Аньес, верно, и проснулась от голода. Ей теперь почти все время хотелось есть, хотя ее хорошо кормили. Скудно, неразнообразно, не слишком сытно, но зато в достаточном количестве. Вот и сейчас ей хотелось есть. Она медленно поднялась и прошла по комнате к окну, за которым, похоже, жизнь била ключом. После вчерашнего представления с Йен Тхи Май поселение не желало спать. Полоска багряного света окрашивала небо в лиловый. Таких фантастических цветов она не видала даже на Атлантике или, может быть, не давала себе труда заметить, бесконечно куда-то стремясь, постоянно двигаясь, не позволяя себе праздности ни на минуту. Самые яркие воспоминания — они в детстве. Взрослой она ничего не помнила. Совсем ничего, кроме одного-единственного шторма, когда привела в свой Дом с маяком потрепанного войной Лионца.
Потом она поняла. Сообразила, что за шум. Это плач — тоненький, горький, женский и детский, разносящийся по всей деревне. Они плакали, а мужчины их покидали. Как и обещал Ван Тай, его люди уходили с рассветом. А это значило, что ее возвращение к французам совсем близко.

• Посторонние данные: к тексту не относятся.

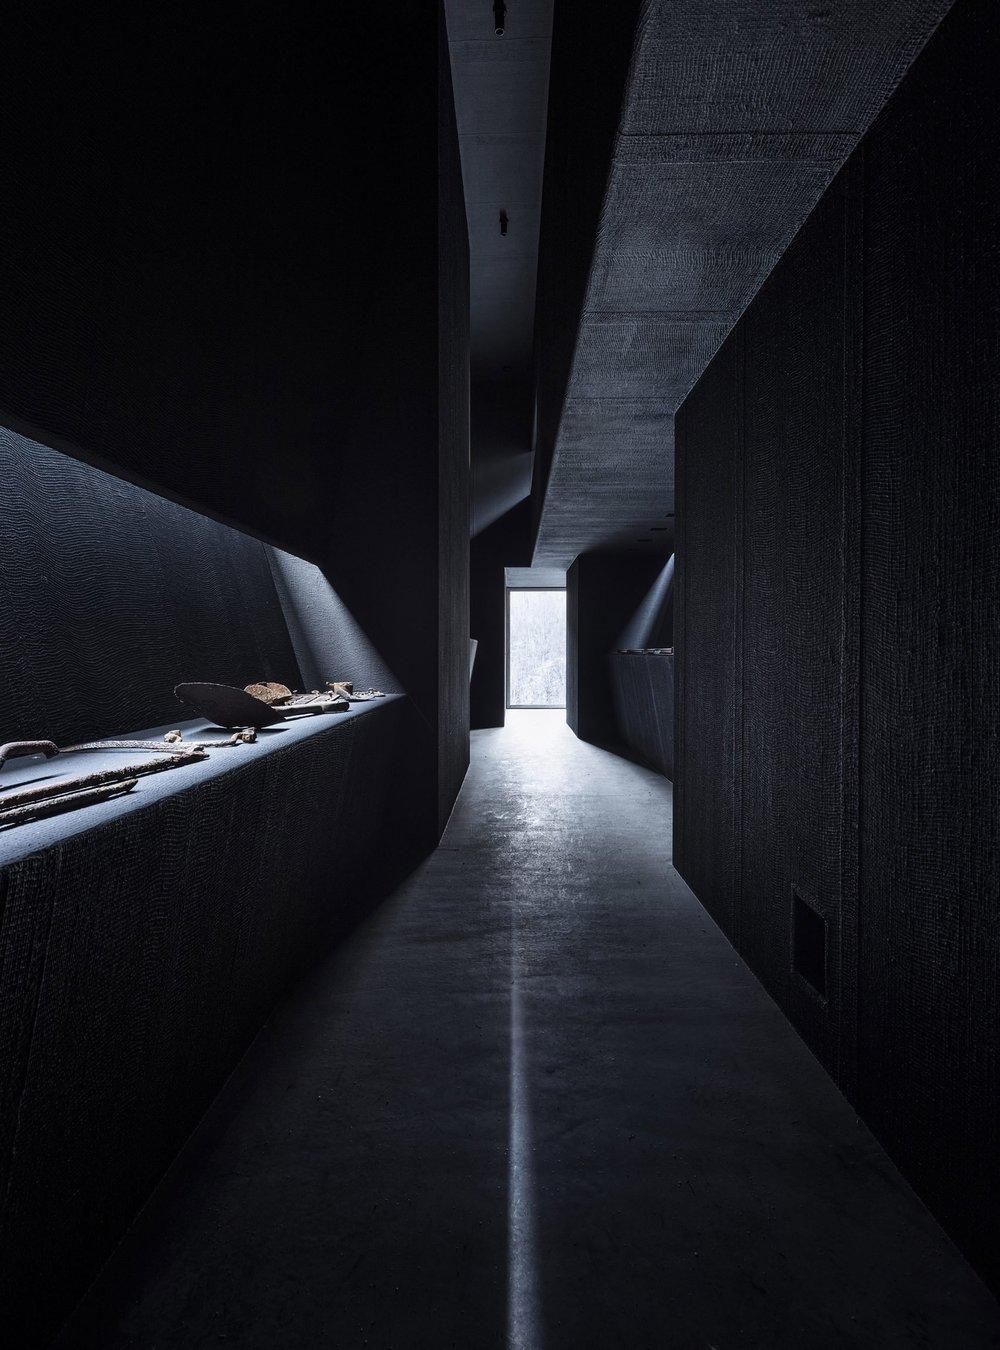 aldo-amoretti-mine-zinc-museum-architecture-photography-_dezeen_2364_col_18-1704x2301.jpg

И, наверное, ей должно радоваться, только отчего-то она не испытывала ничего похожего на радость. Совсем.
Чувство, наполнявшее ее, разрывало душу. Говорят, что органа такого в человеке нет, но что же тогда болит так сильно, господи боже? Неужели сострадание способно приносить подобную муку?
Мужчины уходили. Их женщины оставались. Женщины всегда остаются — ждущими своих солдат или вдовами, все одно. Привычная жизнь заканчивается в один день и похоже, что навсегда. Ей ли не знать?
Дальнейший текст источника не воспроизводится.